How to plot 3D scatter diagram using ggplot?

I tried to use the plotly package, but it is not working in my case at all. The ggplot package is working for 2D plots but it is giving an error when adding one more axis. How to solve this issue?
ggplot(data,aes(x=D1,y=D2,z=D3,color=Sample)) +
geom_point()
How to add one more axis and get the 3D plot in this?

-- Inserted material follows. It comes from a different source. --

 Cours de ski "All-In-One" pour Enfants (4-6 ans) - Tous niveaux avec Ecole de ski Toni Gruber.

Since you tagged your question with plotly and said that you've tried to use it with plotly, I think it would be helpful to give you a working code solution in plotly:
Creating some data to plot with:
set.seed(417)
library(plotly)
temp <- rnorm(100, mean=30, sd=5)
pressure <- rnorm(100)
dtime <- 1:100
Graphing your 3d scatterplot using plotly's scatter3d type:
plot_ly(x=temp, y=pressure, z=dtime, type="scatter3d", mode="markers", color=temp)
Renders the following:
ggplot as others have note, by itself does not support 3d graphics rendering.
A possible solutions is gg3D.
gg3D is a package created to extend ggplot2 to produce 3D plots. It does exactly what you are asking for: it adds a third axis to a ggplot. I find it quite good and easy to use and that is what I use for my limited needs.

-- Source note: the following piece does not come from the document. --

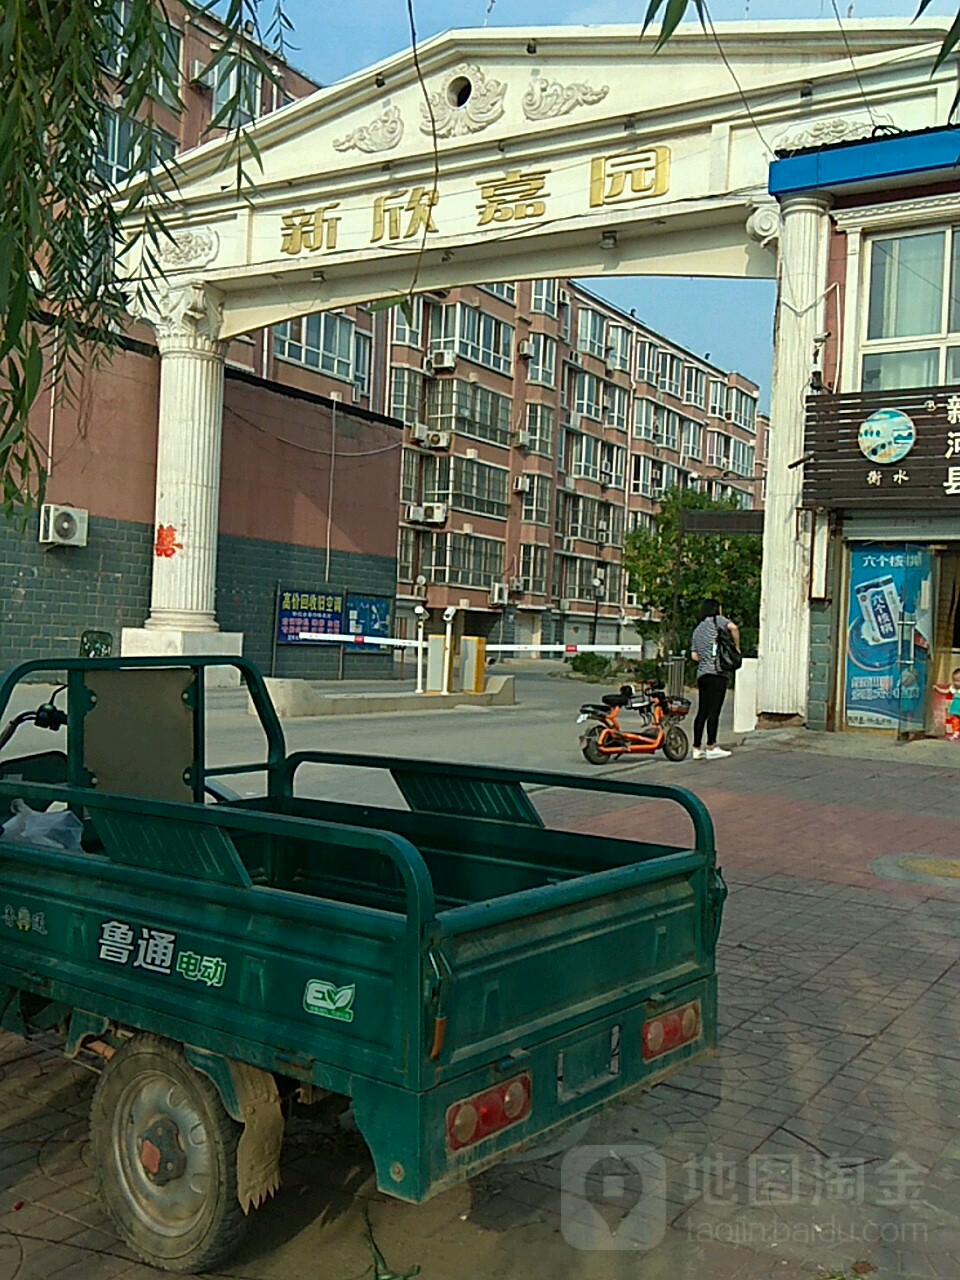 邢台市新河县富强街与新华路交叉路口往北约180米

An example taken from the vignette to produce a basic plot
devtools::install_github("AckerDWM/gg3D")
library("gg3D")
## An empty plot with 3 axes
qplot(x=0, y=0, z=0, geom="blank") +
theme_void() +
axes_3D()
## Axes can be populated with points using the function stat_3D.
data(iris)
ggplot(iris, aes(x=Petal.Width, y=Sepal.Width, z=Petal.Length, color=Species)) +
theme_void() +
axes_3D() +
stat_3D()
There are other options not involving ggplot. For example the excellent plot3D package with its extension plot3Drgl to plot in openGL.

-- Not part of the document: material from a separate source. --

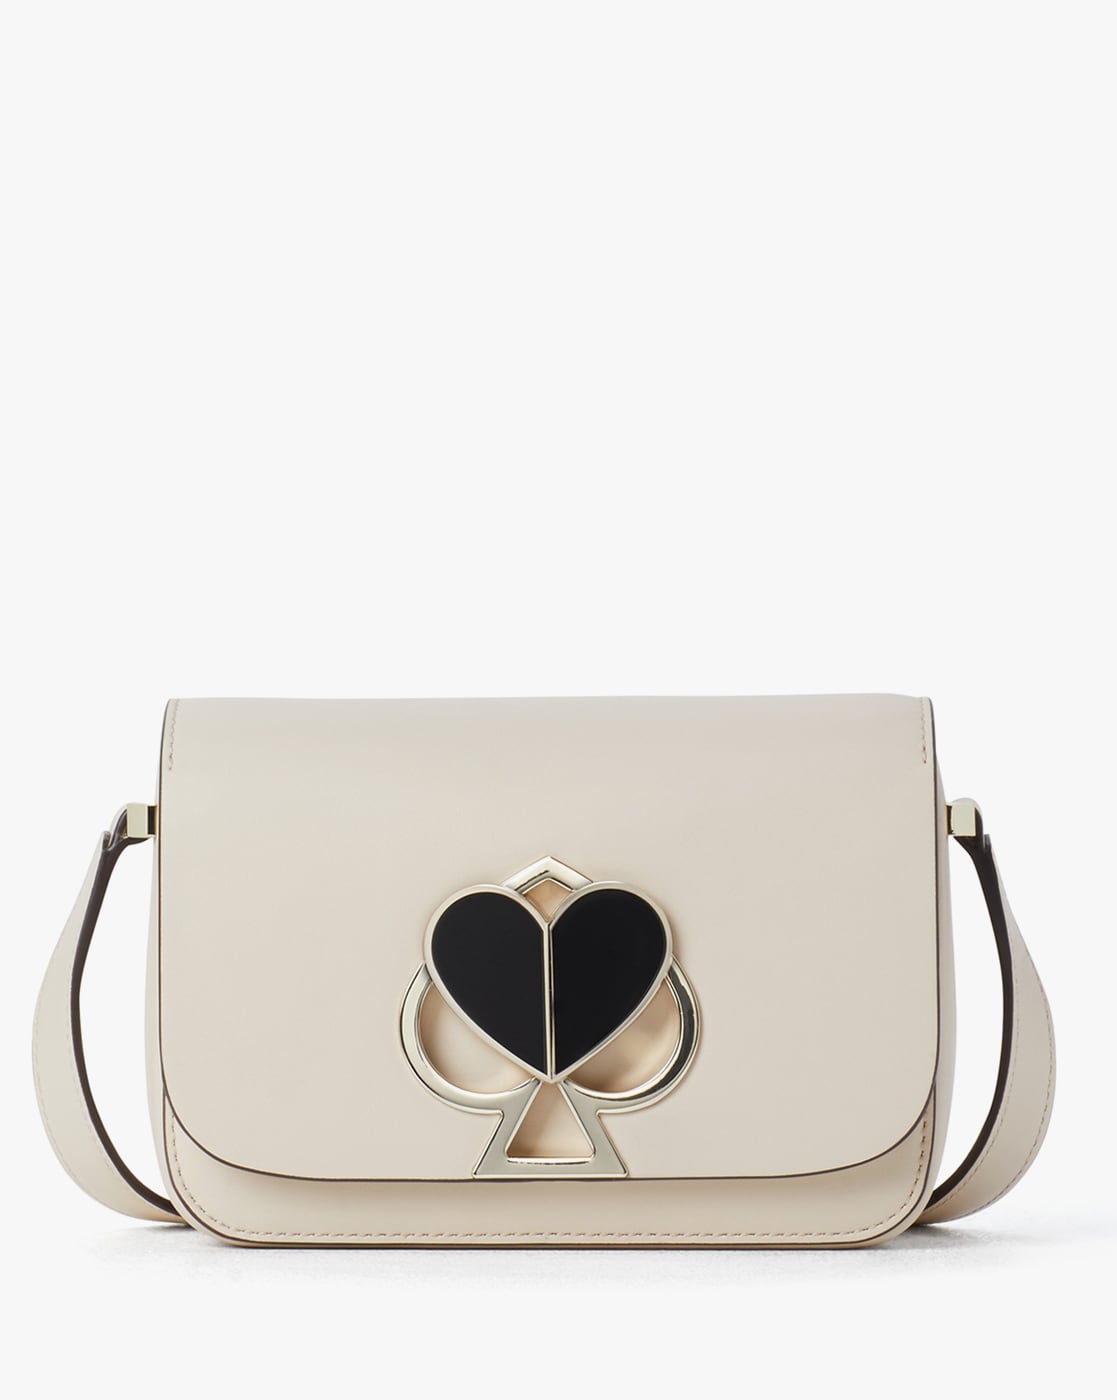 Shop Kate Spade Bag Authentic online

In your question, you refer to the plotly package and to the ggplot2 package. Both plotly and ggplot2 are great packages: plotly is good at creating dynamic plots that users can interact with, while ggplot2 is good at creating static plots for extreme customization and scientific publication. It is also possible to send ggplot2 output to plotly. Unfortunately, at the time of writing (April 2021), ggplot2 does not natively support 3d plots. However, there are other packages that can be used to produce 3d plots and some ways to get pretty close to ggplot2 quality. Below I review several options. These suggestions are by no means exhaustive.
plotly
See onlyphantom's answer in this thread.
gg3D
See Marco Stamazza's answer in this thread. See also my effort below.
scatterplot3d
See Seth's answer in a related thread.
lattice
See Backlin's answer in a related thread.
rgl
See this overview in the wiki guide.
rayshader
See this overview of this package's wonderful capabilities.
trans3d
See data-imaginist use trans3d to get a cube into ggplot2.
ggrgl
See this cool and useful coolbutuseless introduction.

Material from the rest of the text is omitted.